Burnt Applesauce
Not the canned kind. I never burn that, because I make it in a crockpot.
But sometimes, when we have extra fresh apples, often which have become the wrinkly kind, I make a small pot of applesauce for dessert. We love it hot off the stove. We did this when we had kids in the house also, and it is kind of one of those things we do.
They were Pink Ladies. The Apples, not the kids. Just so we know. Pink Ladies are tart and have a distinctive flavor to that tartness. That’s why they are Pink Ladies. Because they are tarts you know. Not sluts… no. Then they’d be Red Ladies. These are just Pink.
I often use Galas, and they cook quickly. Pink Ladies take longer to soften. Hmmm…. Well then.
But they do. So they cook longer. And that is a problem this day that I am making Pink Lady Applesauce.
They are cooking slowly, so I turn the burner down, make sure there is enough water, and set the timer for 15 minutes. I need to eat my dinner.
It really needed 10. Just before the timer goes off I smell it. They are burning. Those Pink Ladies are now well singed Ladies. See what happens when you get too hot? I wonder how they felt about Leggings…
Now I have a pot of burnt applesauce. Well… Not ALL of it, just the bottom. And the bottom is not browned, it is BLACK. All the way across. Some of it is shiny.
I pull out the apples that can be rescued, and then lightly scrape loose the partly burned ones. I then take off the black bits, and I have some well browned apples that might be rescued. I have to rescue them. This is just a hard time of year, and I’d rather risk the effort and ingredients to rescue them than lose it all.
Pot goes in the sink to soak. I know. Charcoal does not soak off. But it has to go somewhere until I can scrape it. Kevin will often do this, but I burned them. I feel determined to clean the mess myself.
The apples have been transferred into a clean pot. A little water added. Back onto the burner, and I stir them and mush them down. I make this applesauce with slices or chunks, and then let it cook apart. Nice textured sauce.
Pumpkin Pie Spice goes in first. A little more than I’d usually use, because I know the burnt taste will need a little extra camouflage. Cinnamon alone just won’t have the mellowing effect I need. This has to cook in, so I put it in first.
Then vanilla. Vanilla Bean Paste, actually (Yes, there IS a use for this product!). Nice custardy aroma follows that around, and I just love the richness of it. Quite a bit goes in. About 10 drips for the remains of my 5 apples (it is most of the apples, not a lot was discarded).

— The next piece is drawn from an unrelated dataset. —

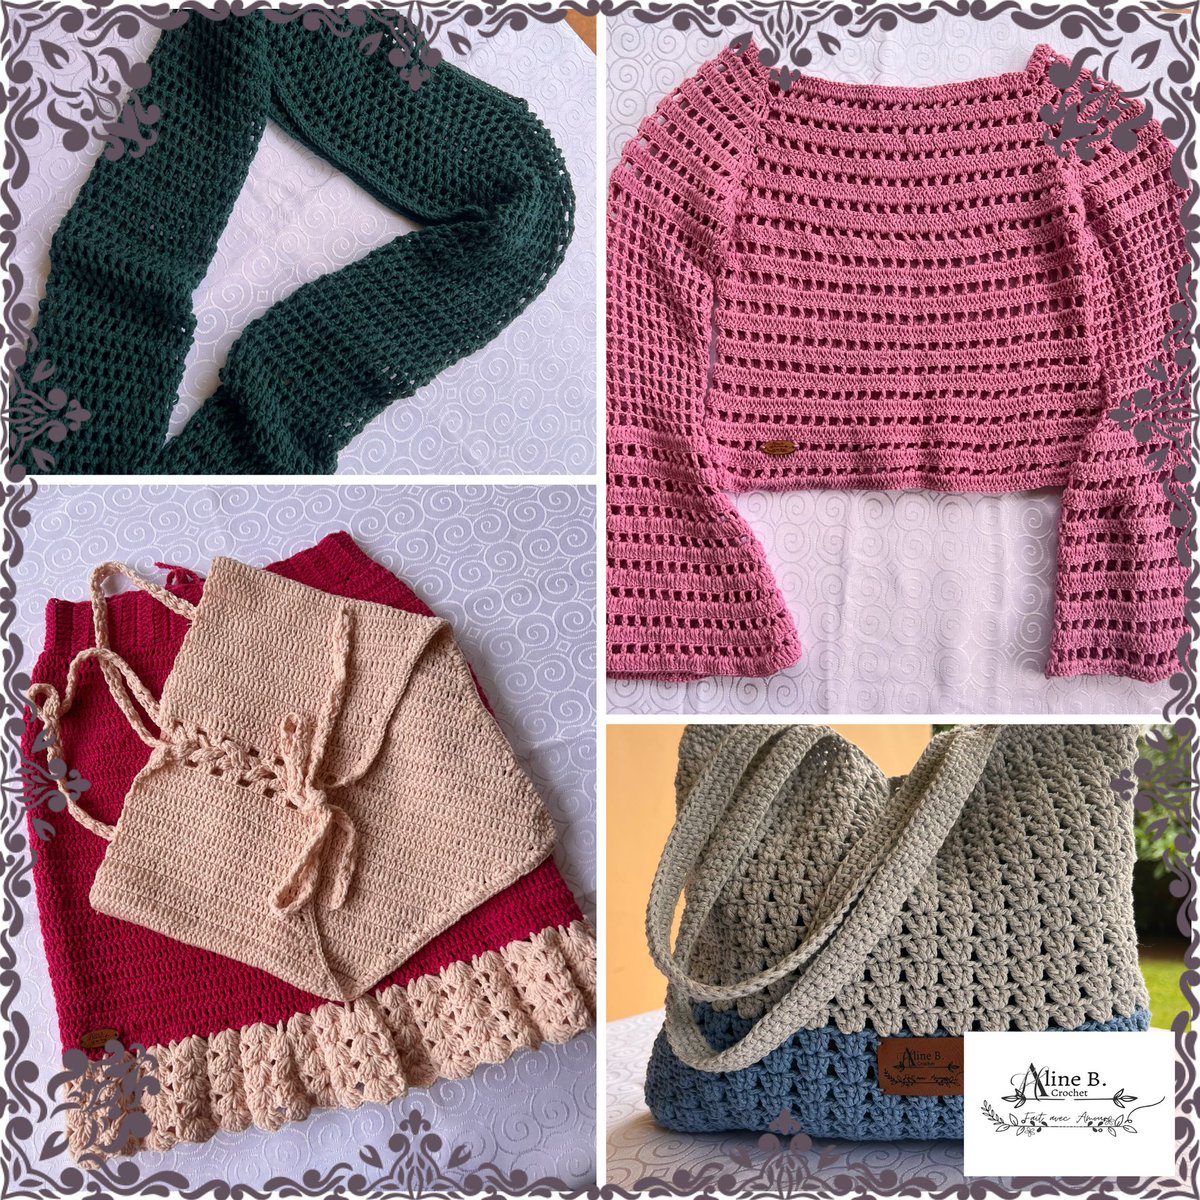 Handcrafted crochet clothes, scarves and bags by aline crochet at the Christmas market at the French School on Lugogo bypass on Saturday 25th of November (car park entrance by Legends Bar in Lugogo).#marchedenoelakampala #christmasgifts #christmasideas #christmasmarket #kampala
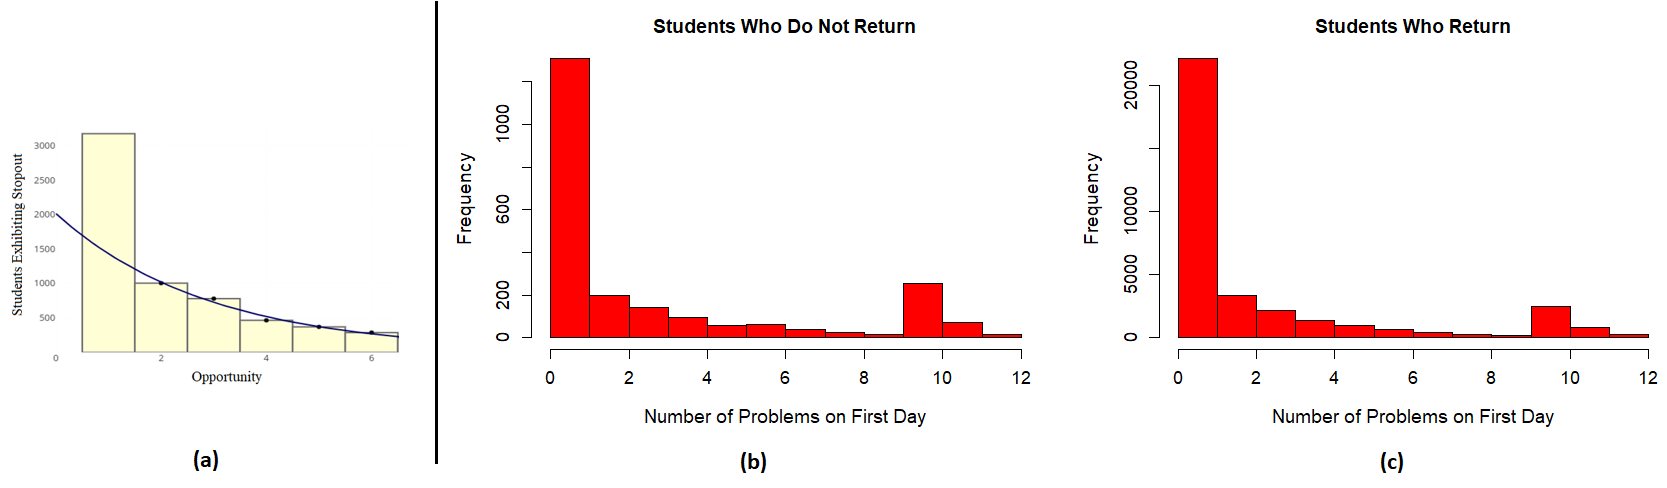 Three histograms comparing student stopout data: (a) the number of students who exhibit stopout on each problem of an assignment, (b) the number of students who stop out on the first day of an assignment and do not return, and (c) the number of students who stop out on the first day but ultimately return to complete the assignment.

A dash of salt. Just a nice side note, not enough to TASTE, just enough to enliven.
Some sugar. Not too much or you lose the impact of the flavor of the apple.
And then, the Piece de Resistance. Maple. Three dribbles of Maple Syrup. This is something deep and dark and mysterious that should help to conceal the darkness of the scorching.
Stir some more, and serve up. With whipped cream.
And it is GOOD. It does not taste burned, it tastes rich and fruity, just barely spicy on the edge and not really maply, just darkly woodsy.
Rescued. I was not sure it would, but it did.
Kevin ate it without even knowing how badly it was burnt.
When I’m done with it I wash the pot. It takes scraping it with a metal scraper to remove all the black. But it all comes out, and fairly easily. It is a gracefully designed stainless saute pot, and probably my favorite cookpot, so it really does need to be shiny again, and so it is.
I wonder if this is something like repentance.
And I wonder what God has to do to sweeten ME out and compensate for MY harsh bits.
And does it really get me sweet and wonderful in the end?